Interview by AJ Dent, GeekGirlCon Staff Copy Writer
Being a professional cosplayer can’t be easy—it surely takes nerves of steel, cunning craftswomanship, and all the character of a superheroine. Chaka Cumberbatch not only pulls off this career with grace and humor, but continuously keeps conversations open about race and gender in cosplay communities. I was thrilled to have the chance to chat with her about these topics and am pumped for her appearance at GeekGirlCon ‘13!
In what ways do you see cosplay as empowering for women?
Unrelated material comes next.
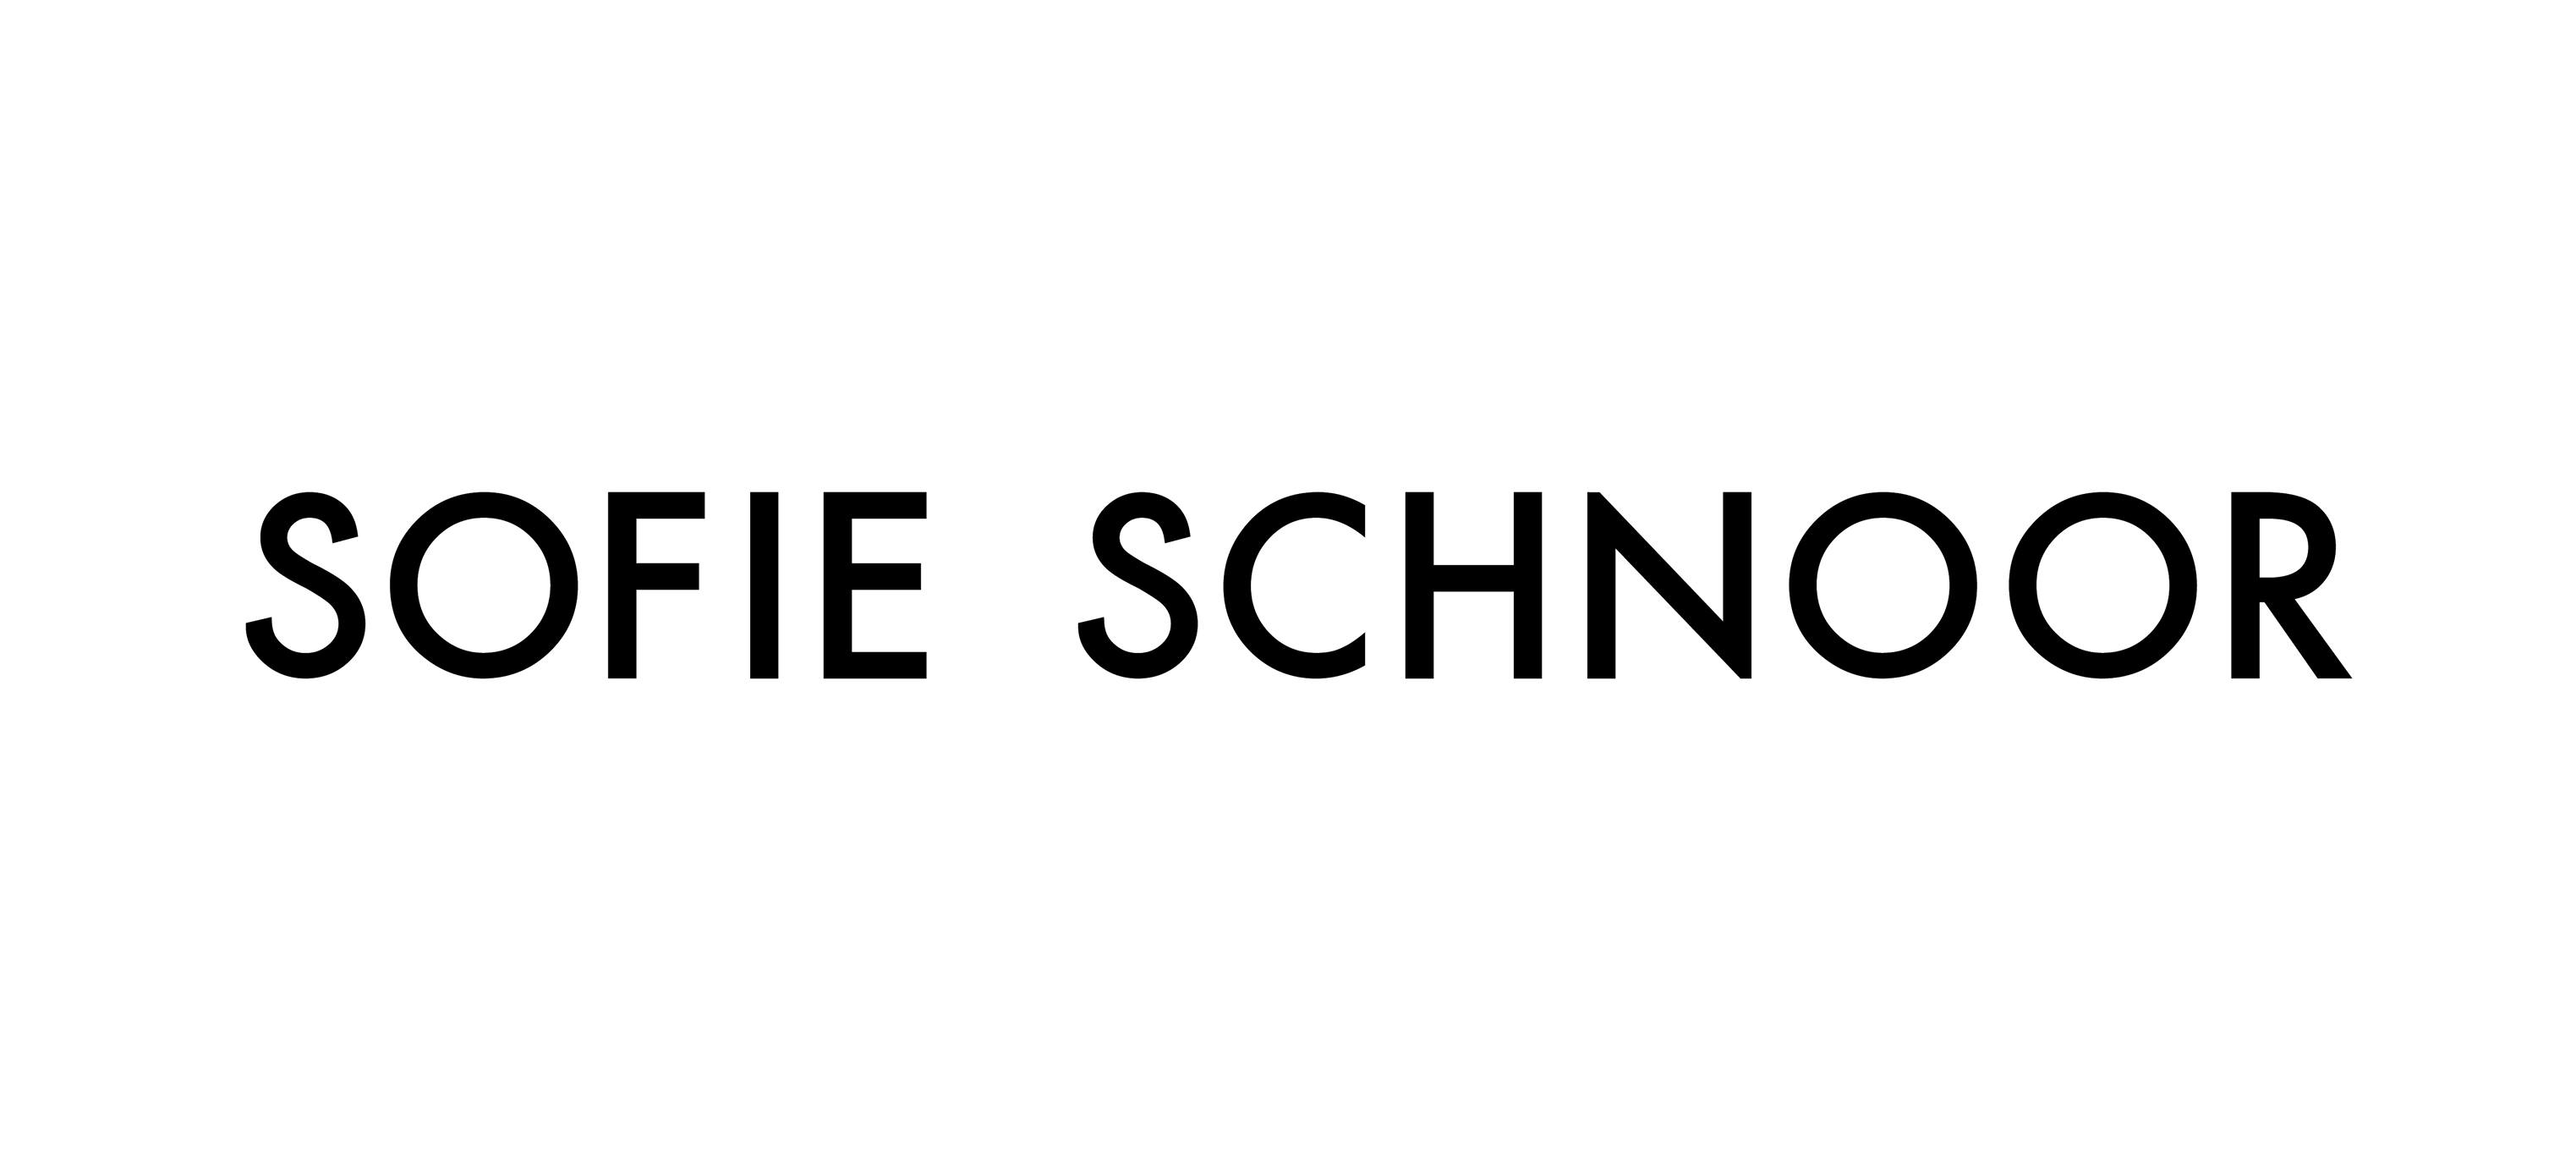 etisk Tilskud I første omgang Sofie Schnoor - Dametøj & sko fra Sofie Schnoor, se udvalget online
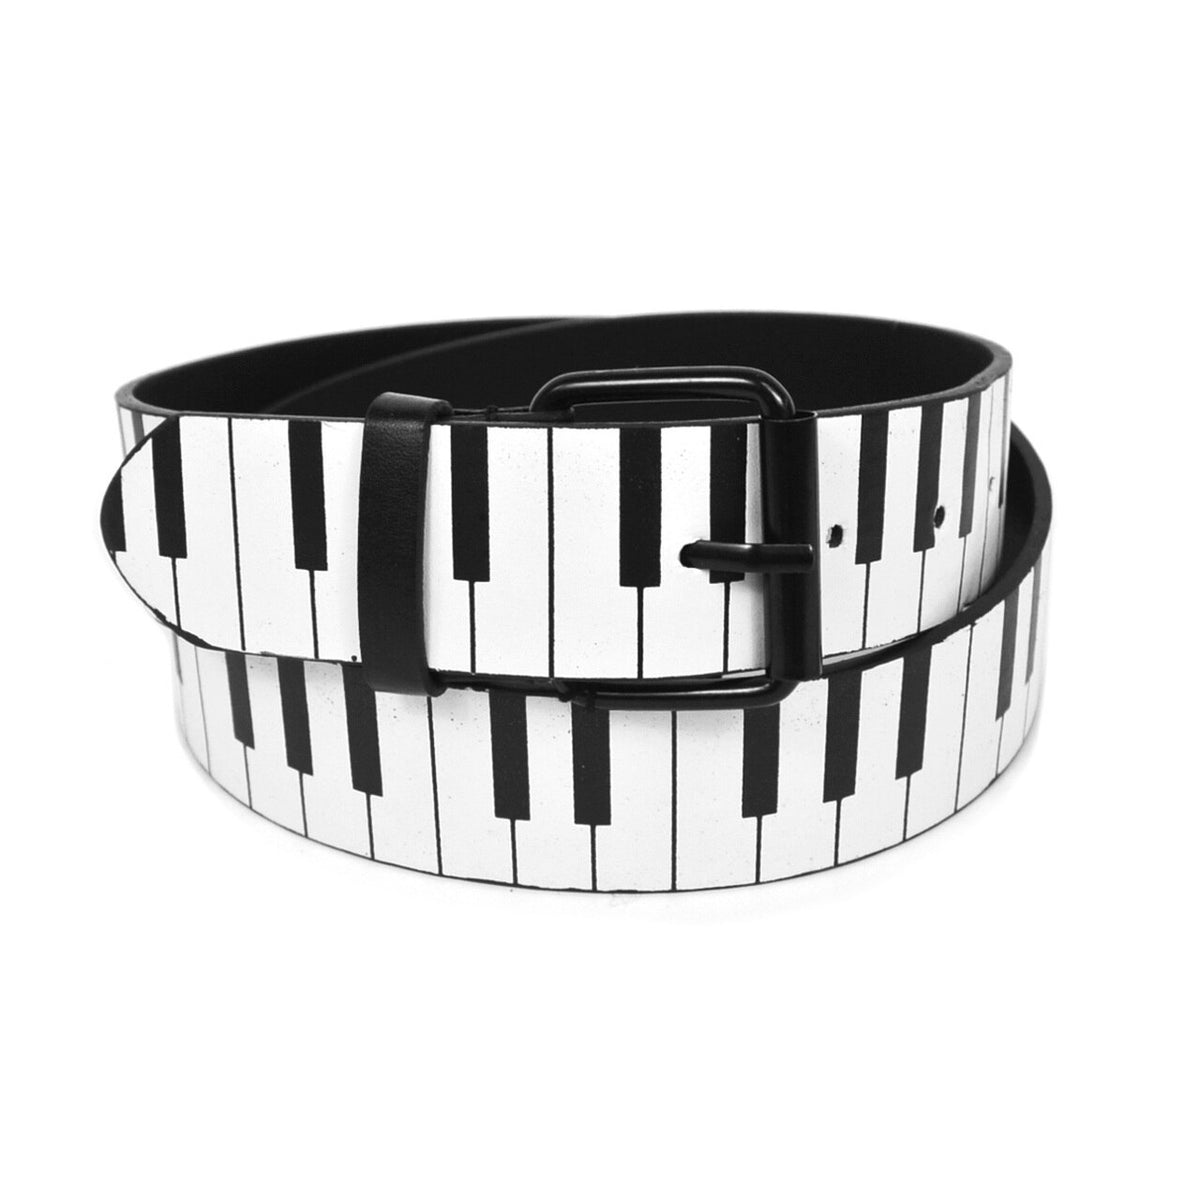 Piano Keys Belt

Honestly, the most empowering part of it for me has always been the different skills that I learn. It just makes you so handy! I like it because it keeps me thinking all the time; it’s constantly presenting new problems for me to solve, new skills for me to learn, and new trades to acquire. I’m always learning something new, and it keeps me going. If you want to make bigger, more intricate costumes, you have to learn more skills. It always keeps you on your toes, always keeps you leveling up.
What was your very first cosplay outfit, and what was your most recent? How did that first experience and your latest one differ? In what ways were they similar?
My very first cosplay was Misa Amane, from the anime and manga series Death Note. My most recent cosplay was Red Sonja, The She-Devil with a Sword. In a lot of ways, Misa kind of paralleled how I felt about myself as a cosplayer at the time—not 100% sure I could stand on my own, somewhat naïve, but completely enthralled by and willing to jump headfirst into a world I didn’t fully understand. Sonja, on the other hand, is strong, independent and resilient. She’s unapologetically sexy and she takes no prisoners. Her scale mail bikini, while it may appear tiny to some, was the result of weeks spent weaving over 700 pieces of scale mail and jump rings—whereas I put my Misa costume together in about a day, and didn’t even wear a wig! I really feel the two characters really kind of mirror who I was as a cosplayer then, and who I am now.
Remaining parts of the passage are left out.